Strong Performance by Scottish Opera of Wagner’s Dutchman

Wagner, The Flying Dutchman: Soloists and Orchestra of Scottish Opera, Chorus of The Flying Dutchman / Francesco Corti (conductor), Edinburgh Festival Theatre, 16.4.2013 (SRT)

Cast:
Donald – Scott Wilde
Helmsman – Nicky Spence
Dutchman – Peteris Eglitis
Senta – Rachel Nicholls
Mary – Sarah Pring
George – Jeff Gwaltney

Production:
Harry Fehr (director)
Tom Scutt (designer)

Rachel Nicholls as Senta in Scottish Opera's The Flying Dutchman. Credit James Glossop. 2013.
Rachel Nicholls as Senta in Scottish Opera’s The Flying Dutchman. Credit James Glossop. 2013.

As well as this being the Wagner bicentenary year, it also marks Scottish Opera’s 50th anniversary season. Wagner’s original plan had been to set The Flying Dutchman in Scotland (he only changed its location to Norway during the final rehearsals), so Harry Fehr need make no apologies for setting his anniversary production in Scottish Opera’s homeland. It works very well. He translates the action to a port town in the North East of Scotland at some time in the 1970s. There are references to the area’s background in oil in the Dutchman’s ship, which resembles a tanker, and to Scotland’s Presbyterian heritage by making George (or should that be Erik? Some names have been changed, allegedly to return to Wagner’s original intentions.), a gun-toting minister.

The first act is set in a grimy harbour with a grotty café to which Donald’s sailors retreat for a cuppa while the Helmsman keeps watch.

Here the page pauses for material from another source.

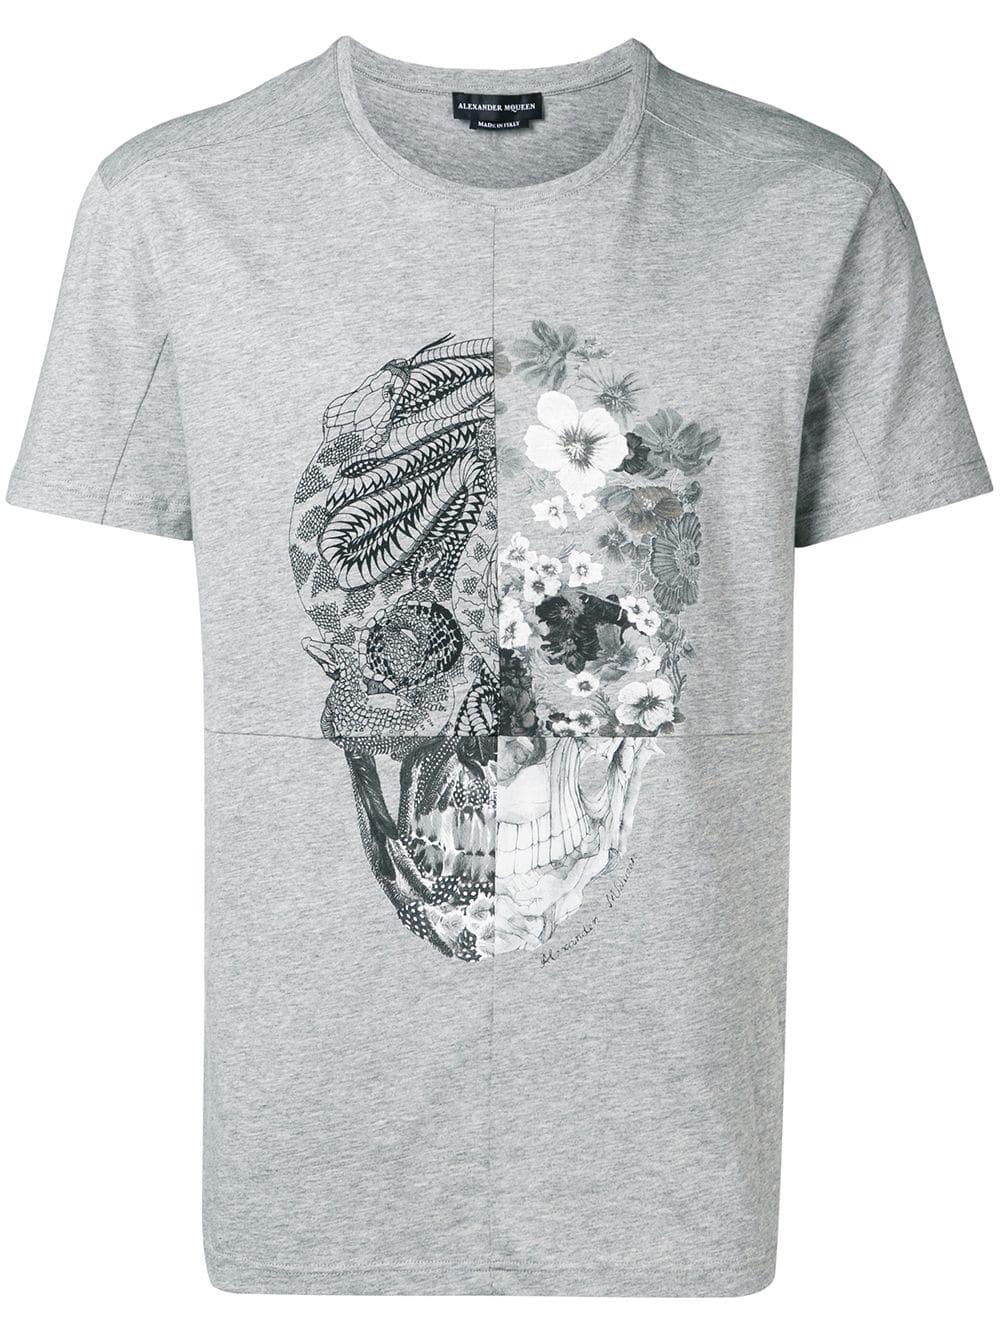 bc7364121 T-Shirt with patchwork Skull - ALEXANDER MCQUEEN - Russocapri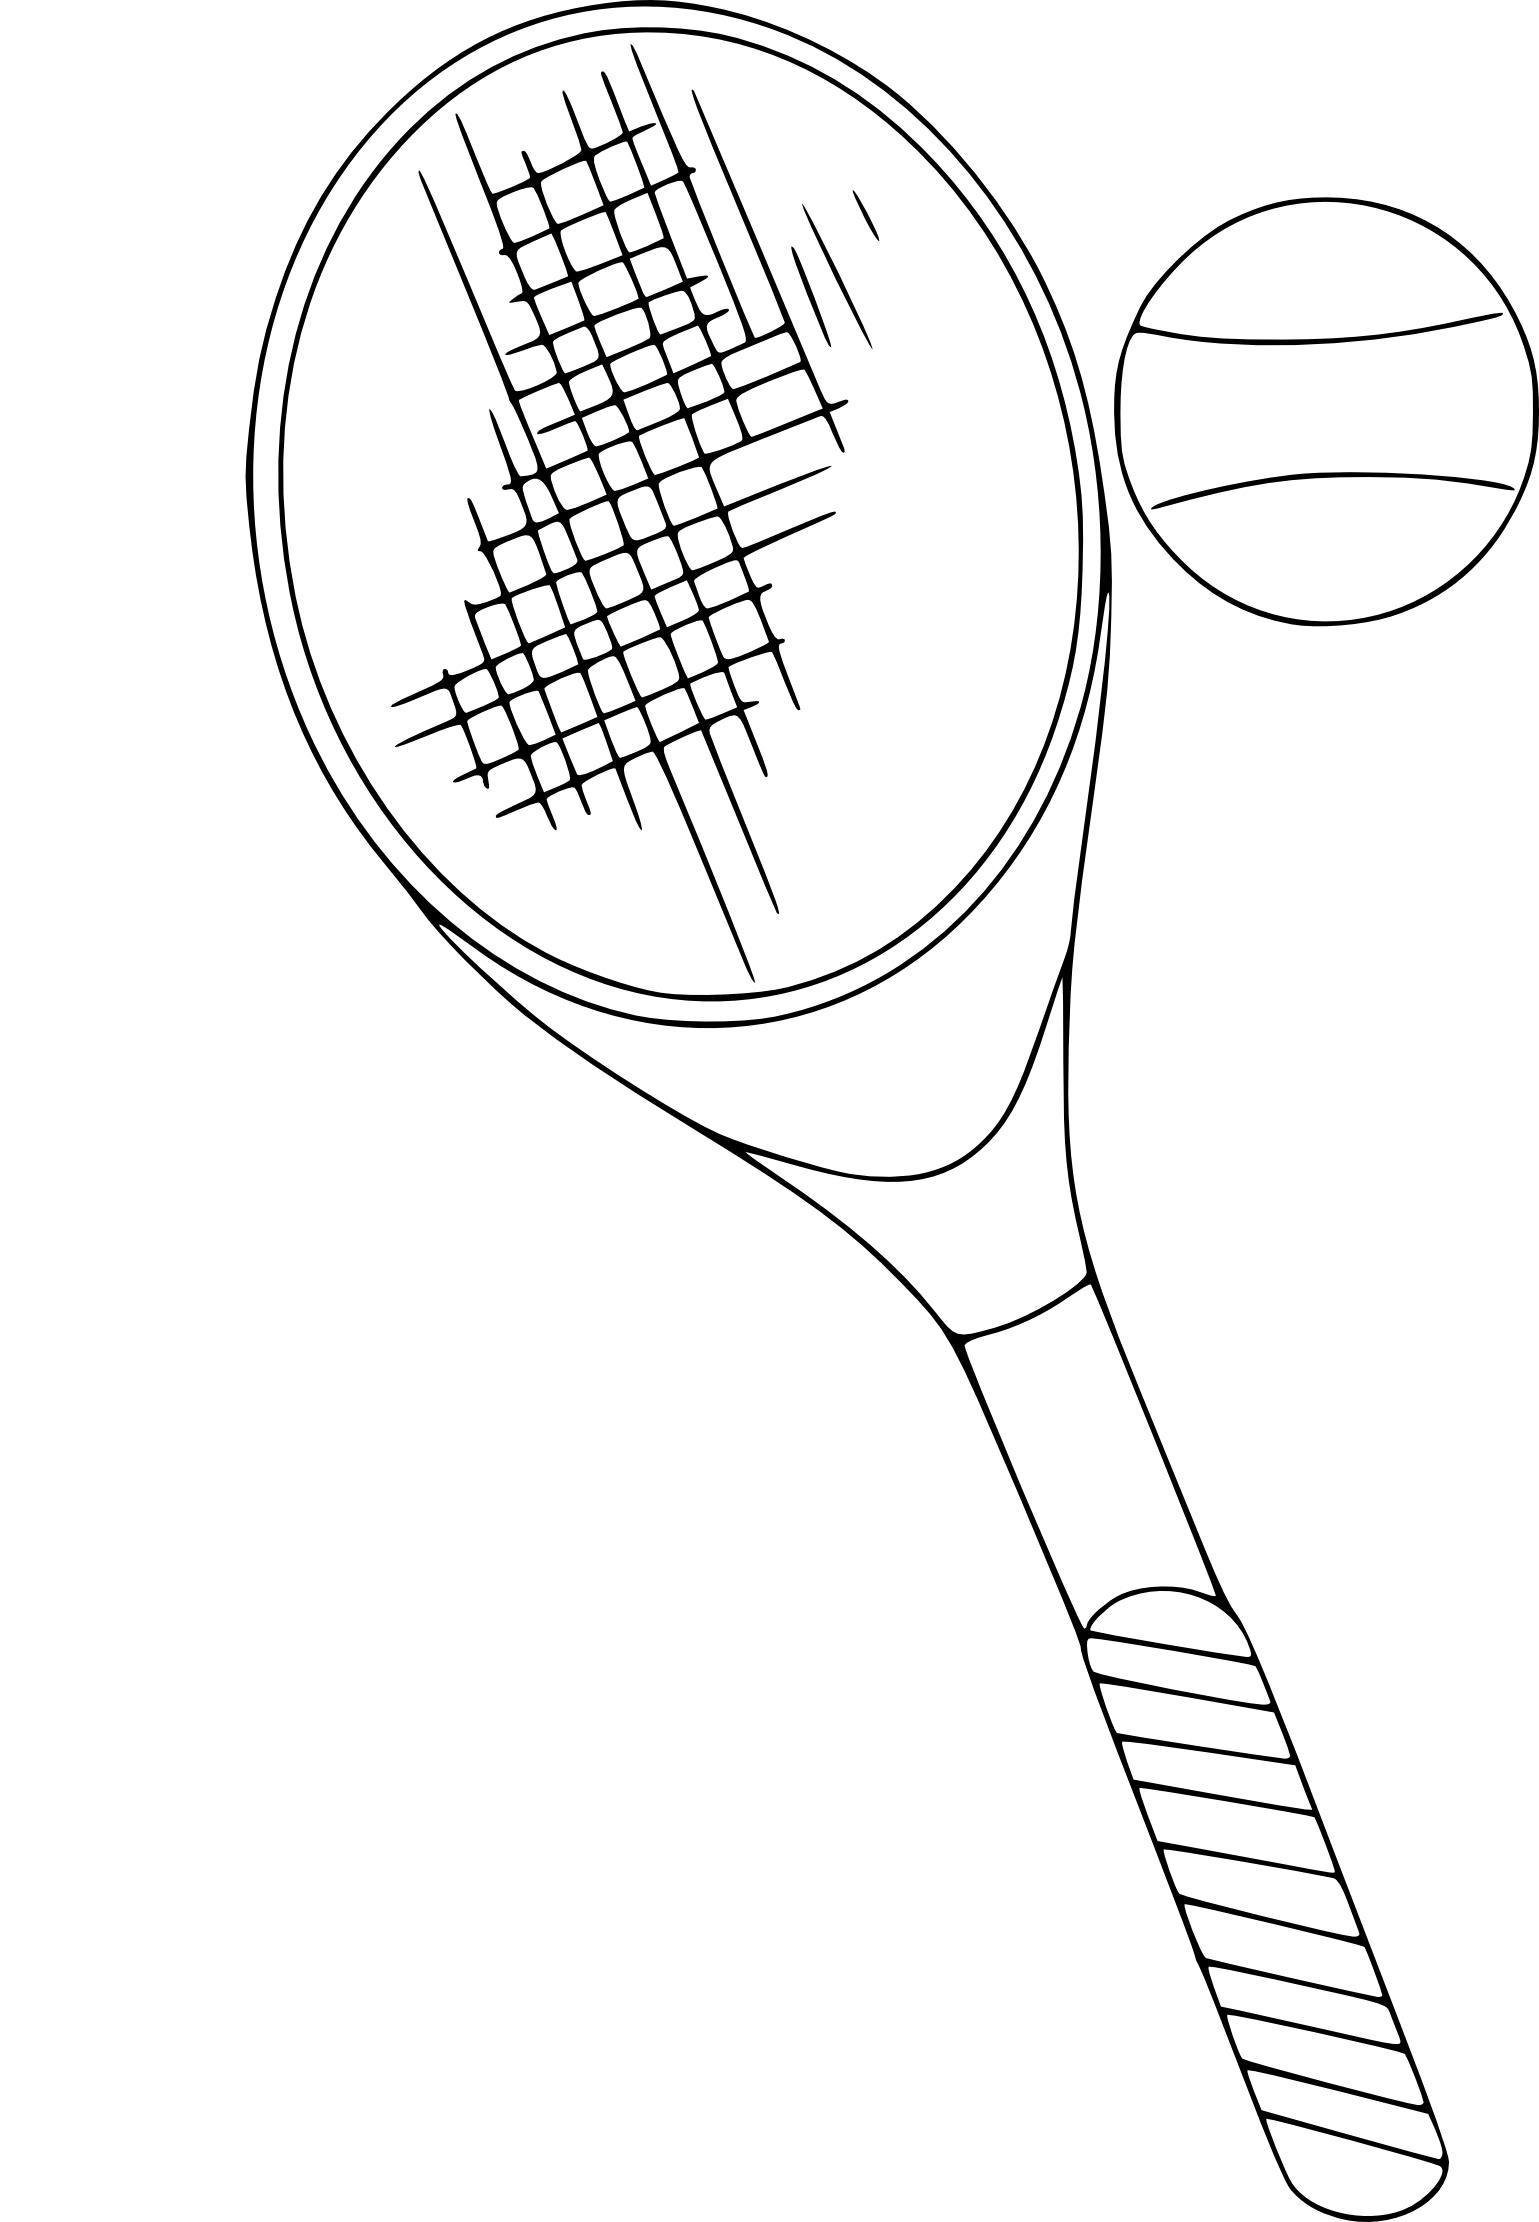 Coloriage raquette de tennis

The second act takes place in the village hall where the frustrated ladies impatiently await their husbands while assembling a finger buffet to celebrate their return. Some might criticise Fehr’s vision for diminishing the supernatural element of the story – it is almost entirely absent, and there is certainly no transfiguration in the closing moments – but its virtue is to make the story more human and to ground it in contemporary experience.

The cavorting of the townspeople at the start of the second act is doggedly close to drunken ceilidh dancing, and having Senta and the Dutchman make their cosmic declarations of love over a plate of sandwiches helps make these (normally impossibly distant) characters more sympathetic. The only thing that I found immensely irritating was the decision to keep Daland and Mary on stage, prissying around in the background during Wie aus der Ferne. The whole point of this duet is to show us two people alone against the blankness of eternity, and the unnecessary gestures going on in the background were misjudged and unwelcome.

Musically the evening was one of the strongest Scottish Opera have put together in a long time. I was especially impressed by Rachel Nicholls’ Senta, who sang the part with just the right combination of strength and flexibility. Hers is not a naturally large voice, but she used the instrument to stupendous effect, fully inside the tessitura and comfortable with the entire dramatic range. Peteris Eglitis sang the Dutchman with a tone of restrained grandeur, a noble contrast to the gruff but affable Daland of Scott Wilde. Nicky Spence’s bright tenor pinged his way attractively through the Helmsman’s music, and Jeff Gwaltney made a vigorous, even virile George – you could see why Senta spent all that time with him walking along the cliff tops. The specially assembled chorus also sounded fantastic, especially in the outer acts, though it was a shame that they felt they had to resort to acoustically altering the sound of the Dutchman’s crew; a necessary stewarding of scarce resources, perhaps, but it sounded contrived rather than creepy. The orchestra were on superb form, particularly the brass who underpinned the driving storm with convincing strength and, unlike the last time I heard him, Francesco Corti got the balance of sound just right, refusing to let the breakers unleashed from the orchestra pit overwhelm the singers on the stage.

This is the first time Scottish Opera have touched Wagner since their outstanding Ring of summer 2003. I must admit that, since they did away with their full time orchestra and chorus, I feared they would never do Wagner again, but to return to him so effectively in their anniversary year perhaps gives reason to hope.